- **Material provided**
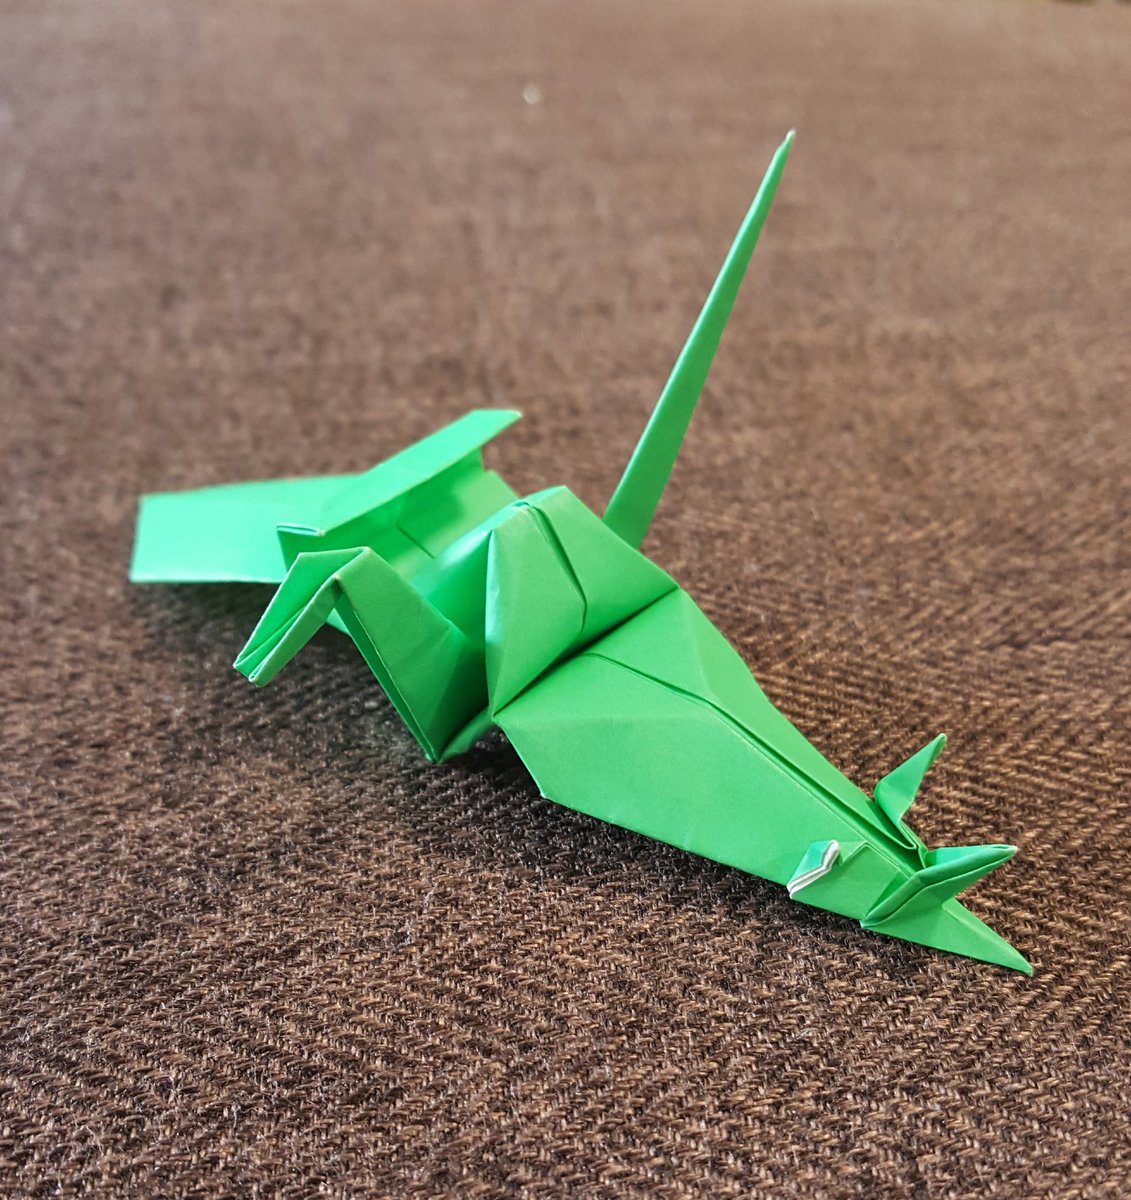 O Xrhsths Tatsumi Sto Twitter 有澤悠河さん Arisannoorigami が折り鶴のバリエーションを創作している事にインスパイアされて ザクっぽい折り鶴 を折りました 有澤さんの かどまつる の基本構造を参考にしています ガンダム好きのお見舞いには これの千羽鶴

...

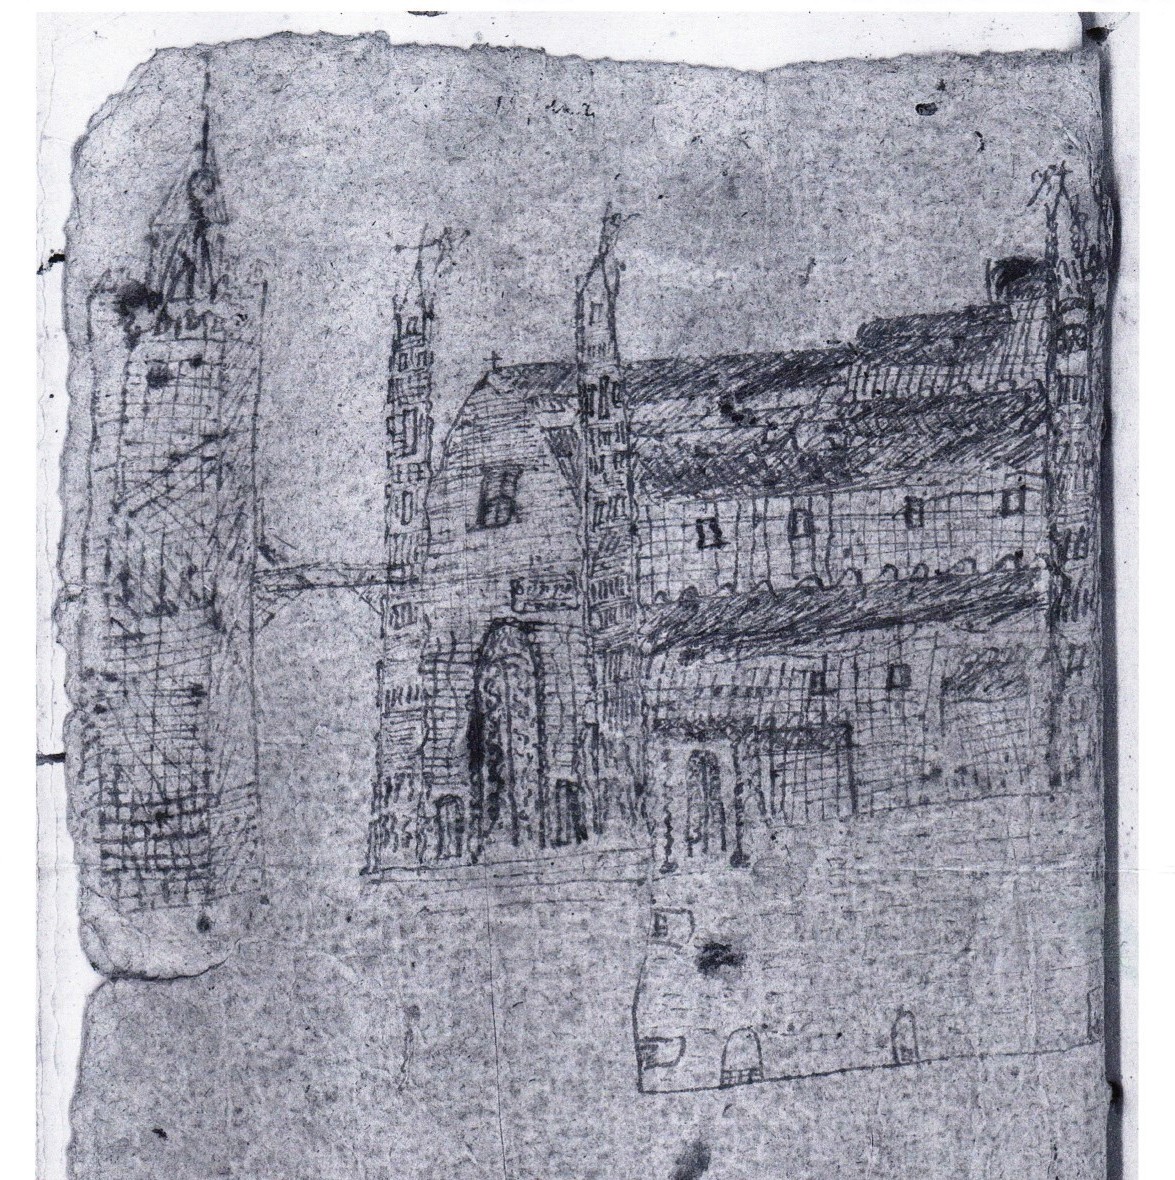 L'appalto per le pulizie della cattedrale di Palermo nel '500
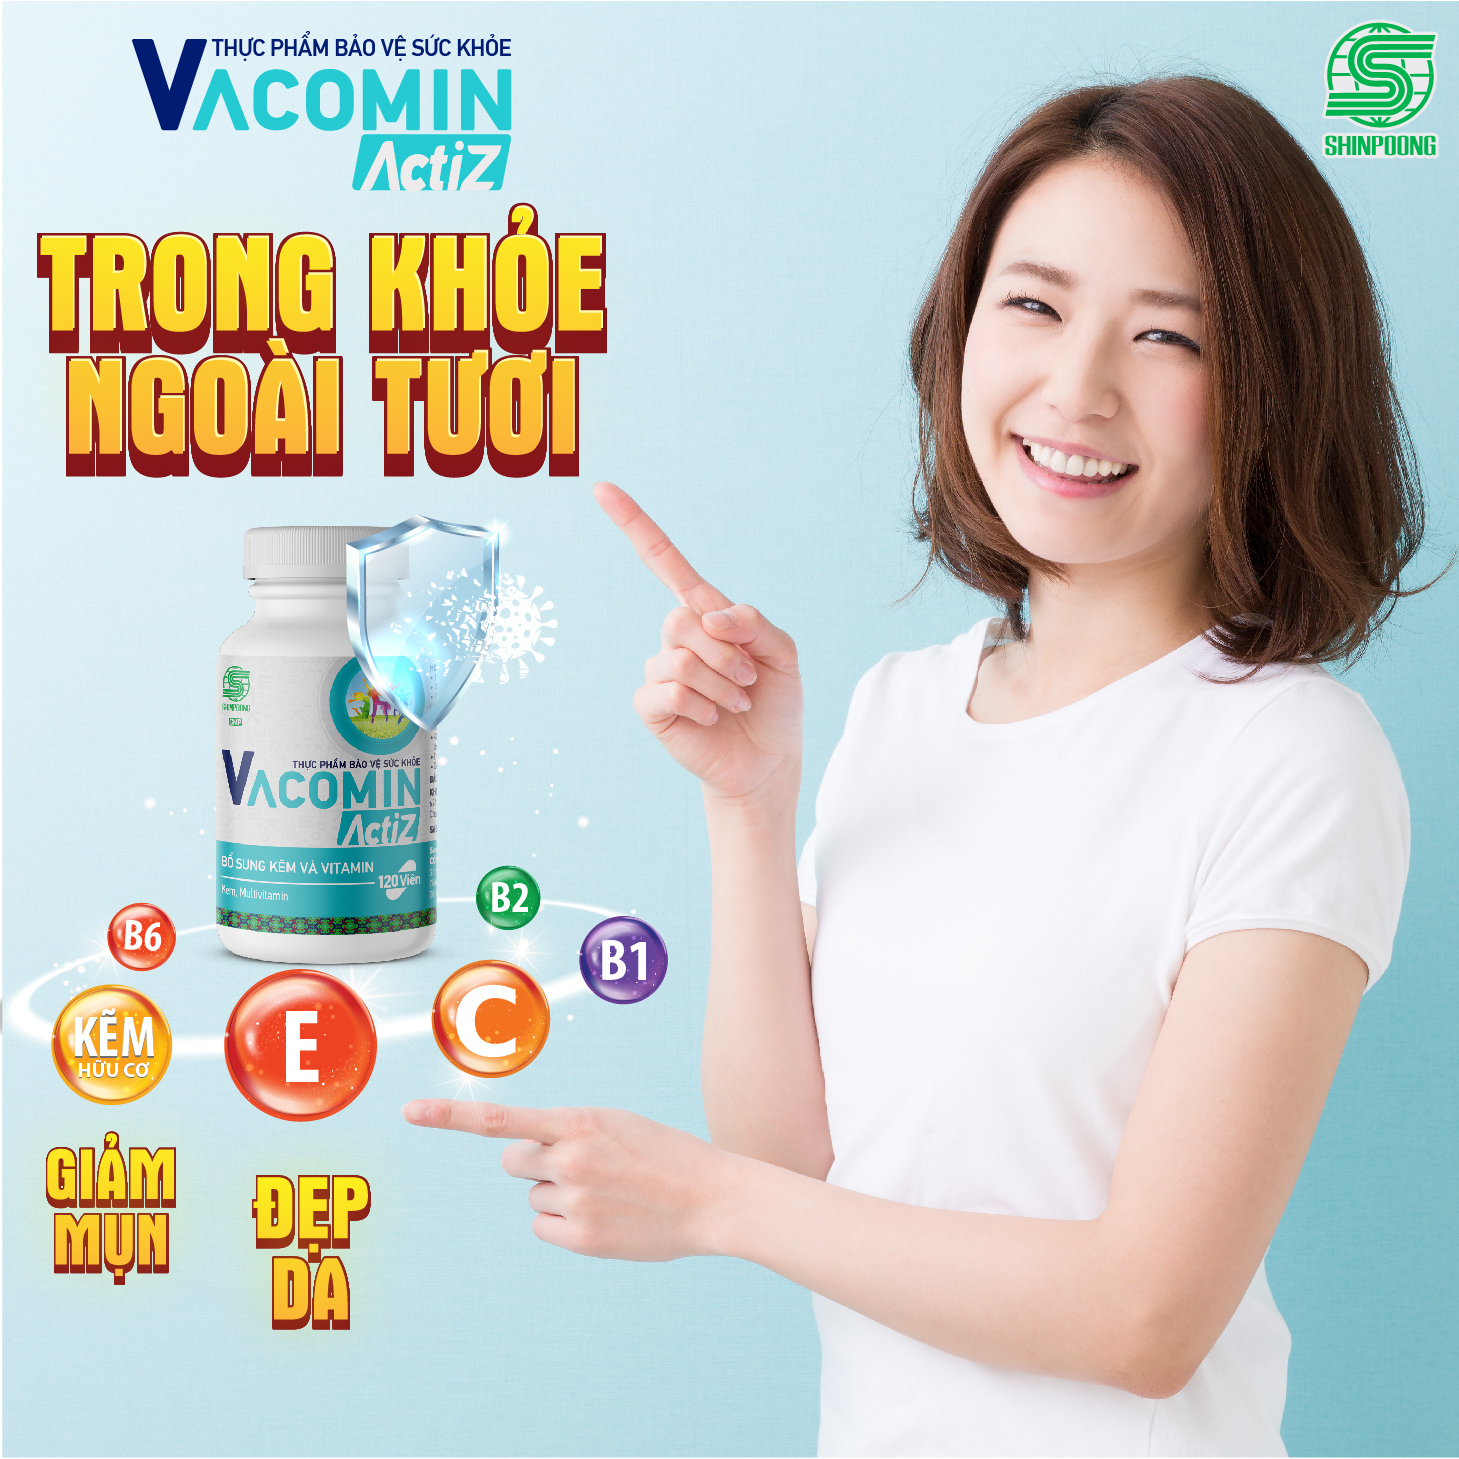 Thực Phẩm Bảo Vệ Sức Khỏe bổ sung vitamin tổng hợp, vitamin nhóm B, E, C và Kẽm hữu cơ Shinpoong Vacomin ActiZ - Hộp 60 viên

==

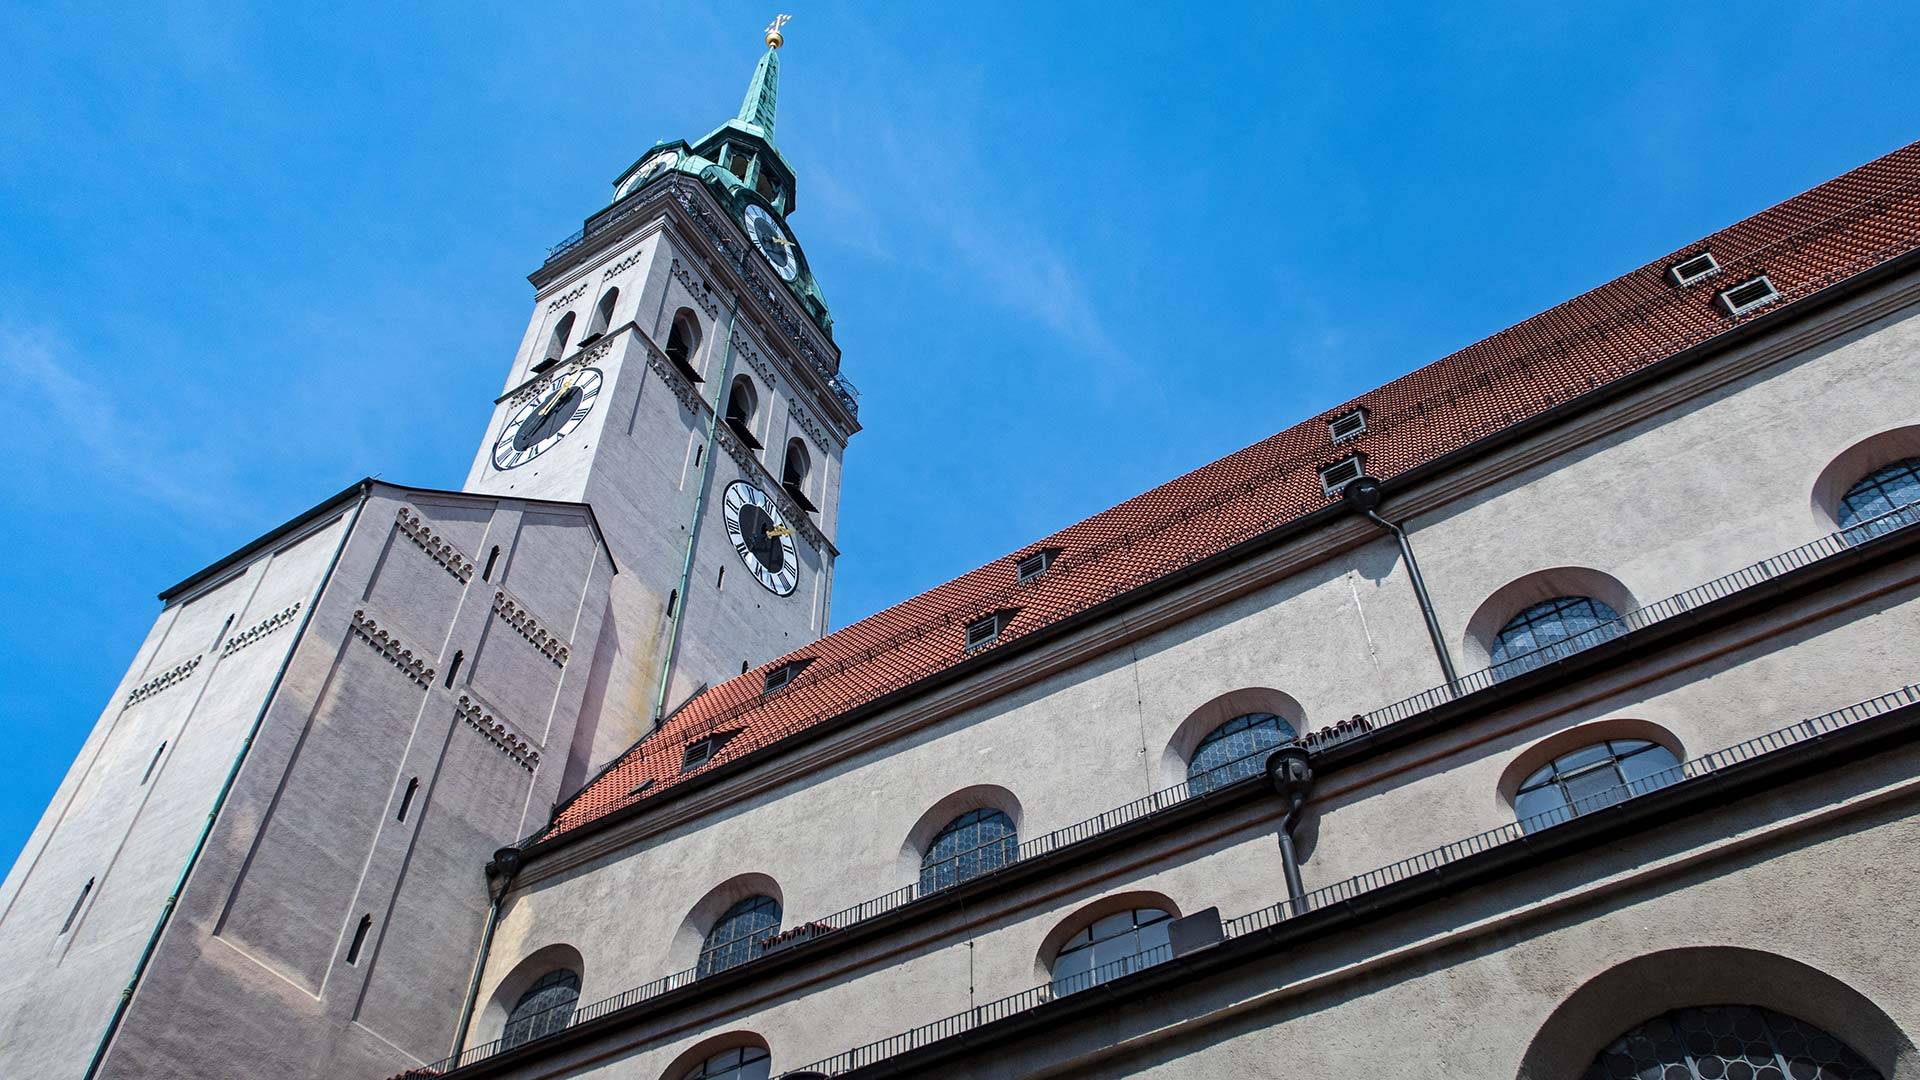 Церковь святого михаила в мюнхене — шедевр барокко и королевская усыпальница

- **What is being asked**
Nothing but the lines above from the line with "L'appalto per le" up to and including the line with "Thực Phẩm Bảo" should be returned, exactly as written and without pictures.

- **Solution for this task**
 L'appalto per le pulizie della cattedrale di Palermo nel '500
 Thực Phẩm Bảo Vệ Sức Khỏe bổ sung vitamin tổng hợp, vitamin nhóm B, E, C và Kẽm hữu cơ Shinpoong Vacomin ActiZ - Hộp 60 viên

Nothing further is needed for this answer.